HAPPINESS DEPENDS EXCLUSIVELY ON INTERIOR CHARACTERISTICS.
3. Dismissing these theories, we return to our own definition of happiness. We do not necessarily make life synonymous with happiness by attributing happiness to a living being. Otherwise, we would be implying that all living beings can achieve it, and we would be admitting to real complete enjoyment thereof all those who possessed that union and identity which all living beings are naturally capable of possessing. Finally, it would be difficult to grant this privilege to the reasonable being, while refusing it to the brute; for both equally possess life. They should, therefore, be capable of achieving happiness—for, on this hypothesis, happiness could be no more than a kind of life. Consequently, the philosophers who make it consist in the rational life, not in the life common to all beings, do not perceive that they implicitly suppose that happiness is something different from life. They are then obliged to say that happiness resides in a pure quality, in the rational faculty. But the subject (to which they should refer happiness) is the rational life, since happiness can belong only to the totality (of life joined to reason). They therefore, really limit the life they speak of to a certain kind of life; not that they have the right to consider these two kinds of life (life in general, and rational life) as being ranked alike, as both members of a single division would be, but another kind of distinction might be established between them, such as when we say that one thing is prior, and the other posterior. Since “life” may be understood in different senses, and as it possesses different degrees, and since by mere verbal similarity life may be equally predicated of plants and of irrational animals, and since its differences consist in being more or less complete, analogy demands a similar treatment of “living well.” If, by its life, a being be the irrtage of some other being, by its happiness it will also be the image of the happiness of this other being. If happiness be the privilege of complete life, the being that possesses a complete life will also alone possess happiness; for it possesses what is best since, in the order of these existences, the best is possession of the essence (being) and perfection of life. Consequently, the Good is not anything incidental, for no subject could owe its good to a quality that would be derived from elsewhere. What indeed could be added to complete life, to render it excellent ?

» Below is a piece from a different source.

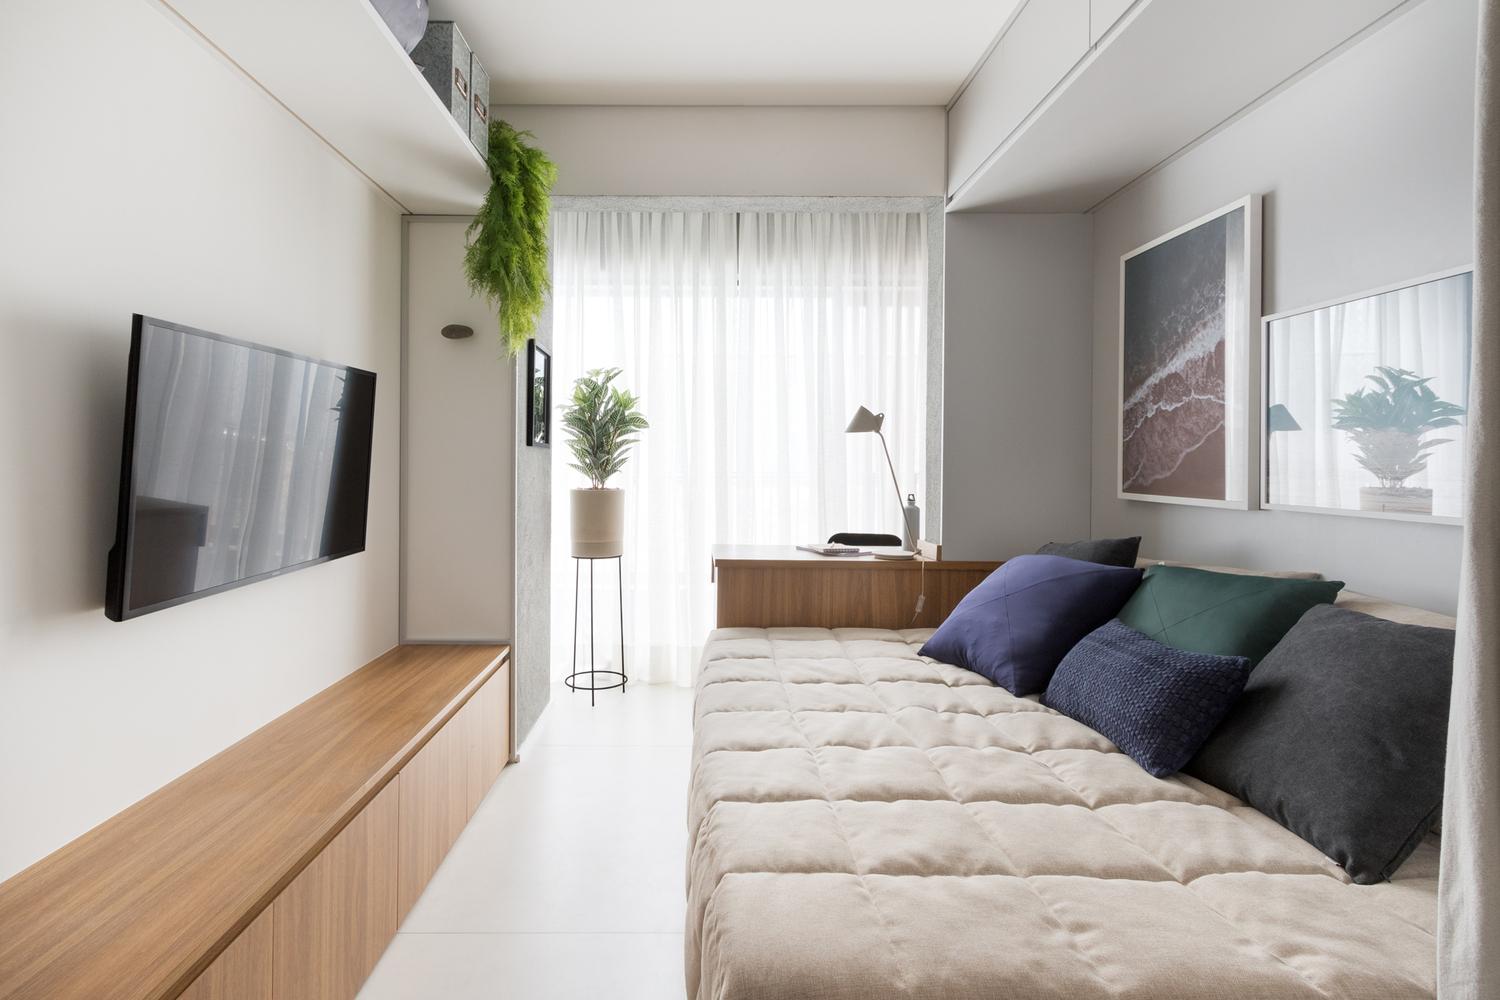 5+ Ways to Maximise Space when Your Home is Below 300sqft

THE GOOD CONSISTS IN INTELLIGENCE.
Our own definition of the Good, interested as we are not in its cause, but in its essence, is that the perfect life, that is genuine and real, consists in intelligence. The other kinds of life are imperfect. They offer no more than the image of life. They are not Life in its fulness and purity. As we have often said they are not life, rather than its contrary. In one word, since all living beings are derived from one and the same Principle, and since they do not possess an equal degree of life, this principle must necessarily be the primary Life, and perfectness.